Experts in Economics & Statistics

A consistent choice for industry leading companies
and the nation's preeminent law firms for over 40 years.

Welch Consulting Employment Index Falls in May

on 03 June 2016

The Welch Consulting Employment Index is continuing its retreat from the level it hit in March. While the index has fallen to 99.1 in May from the recent peak of 99.5 in March, it currently remains above the 2015 year-end value of 99.0.    

The Welch Index measures full-time equivalent employment after adjustment for population growth and the aging of the workforce. The Index value of 99.1 indicates that adjusted full-time equivalent employment is 0.9% below its level in the base year of 2004.  

Over the past 12 months the index has risen from 98.5 to 99.1. The increase in the Index over the past year means that full-time equivalent employment has been growing at a faster rate than the adult population.  Full-time equivalent employment increased 0.6% faster than the adult population over the past year (after making adjustments for the aging of the U.S. adult population). Looking back at the most recent 6 months, the index increased from 98.6 in November 2015 to 99.1 currently – an increase of 0.5%. This rate of change is in line with the overall trend for the last 3 years of about 1.0% increase per year.

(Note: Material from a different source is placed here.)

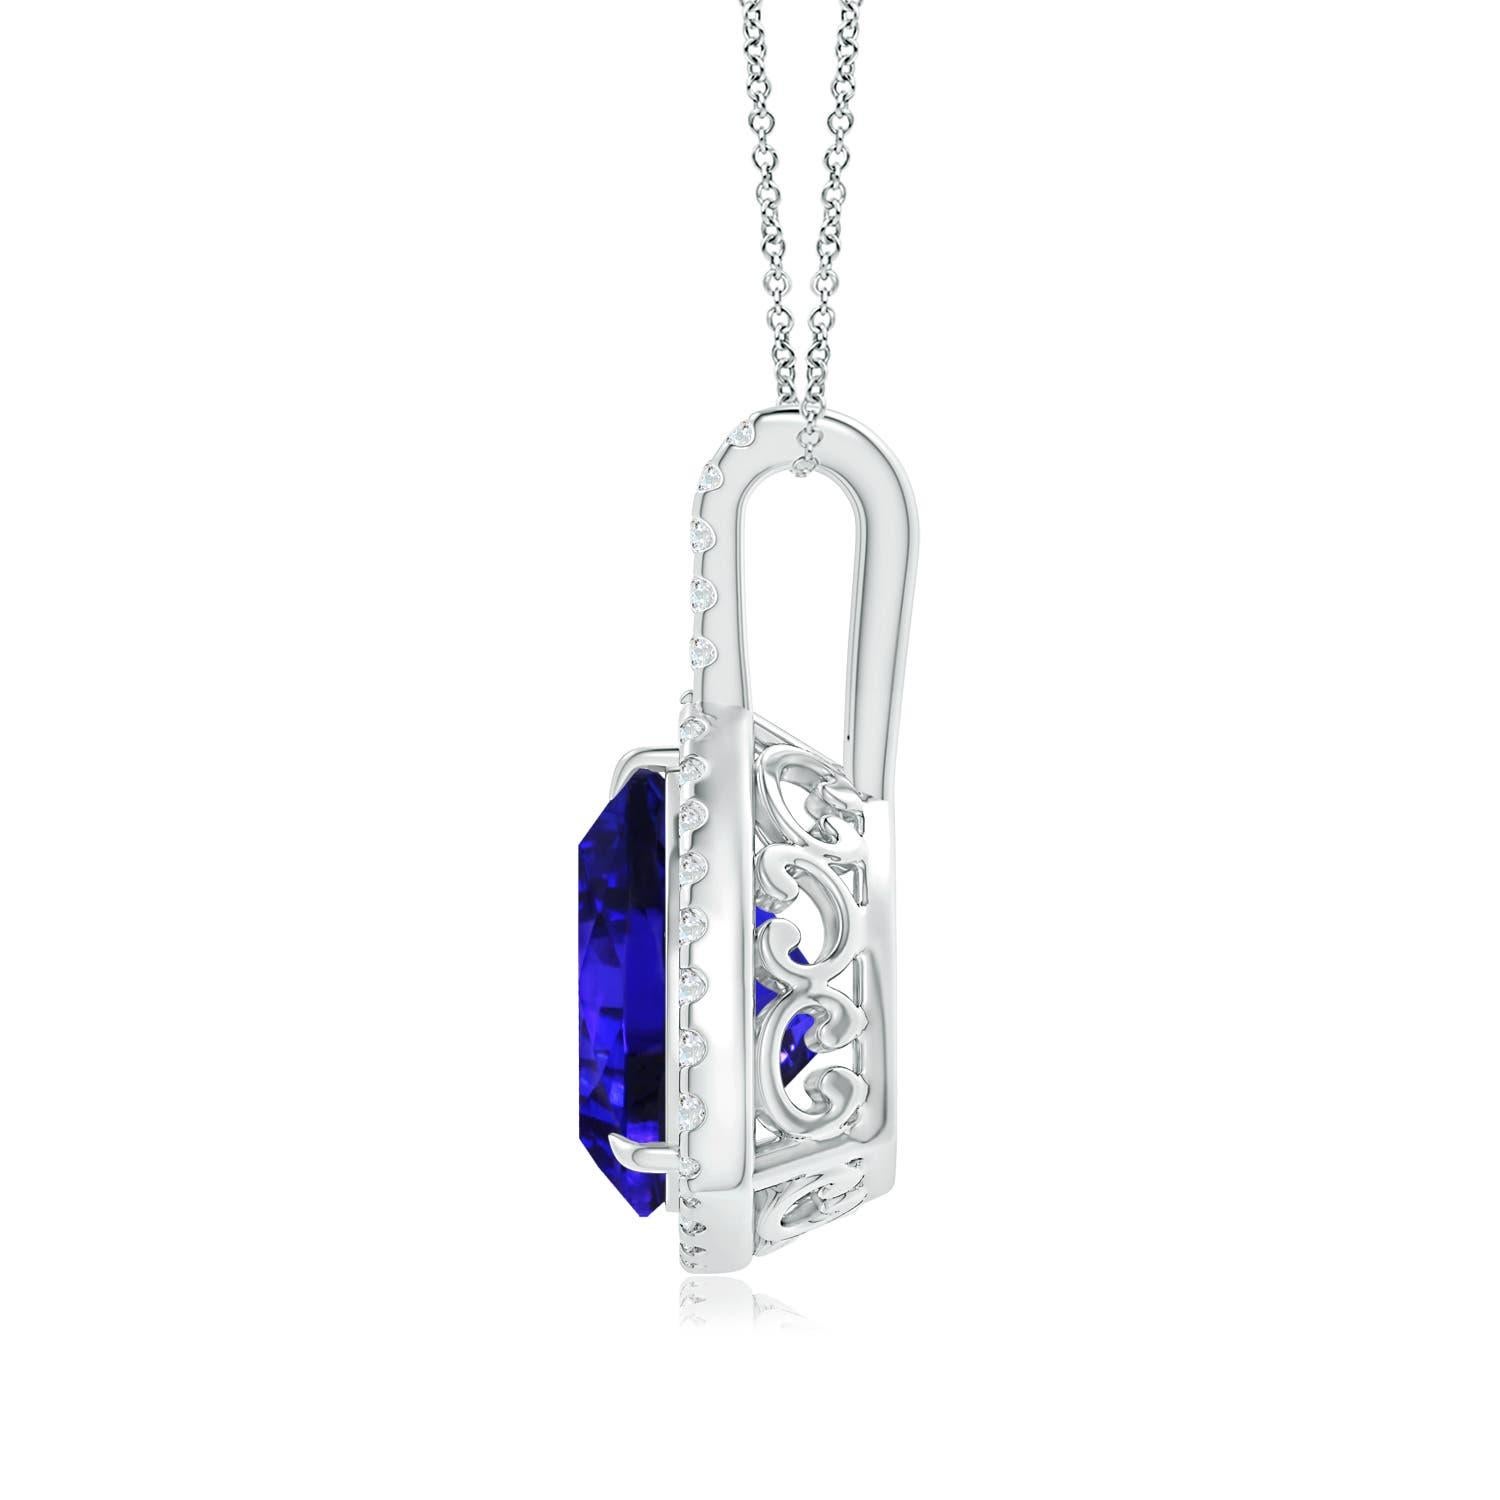 Designed with a diamond-studded bale and elegant scrollwork on the metal, this trillion tanzanite halo pendant in 18k white gold looks simple yet enigmatic. The brilliant u prong diamonds enhance the bluish-purple hue of the GIA certified

When broken out by gender, men saw a decline in employment in May, while women had a small increase. The index for men fell 0.2 points in May, from 97.8 to 97.6, while the index for women rose from 101.0 to 101.1, reversing April’s decline. For the past 12 months the index for men has risen 0.5 points and the index for women has risen 0.8 points.

may2016 welch index

may2016 welch index gender

Technical Note: Full-time equivalent employment equals full-time employment plus one half of part-time employment from the BLS household survey.  The Welch index adjusts for the changing age distribution of the population by fixing the age distribution of adults to the distribution in the base year of 2004.  Seasonal effects for the share of workers employed in part-time jobs are removed in a regression framework using monthly indicator variables.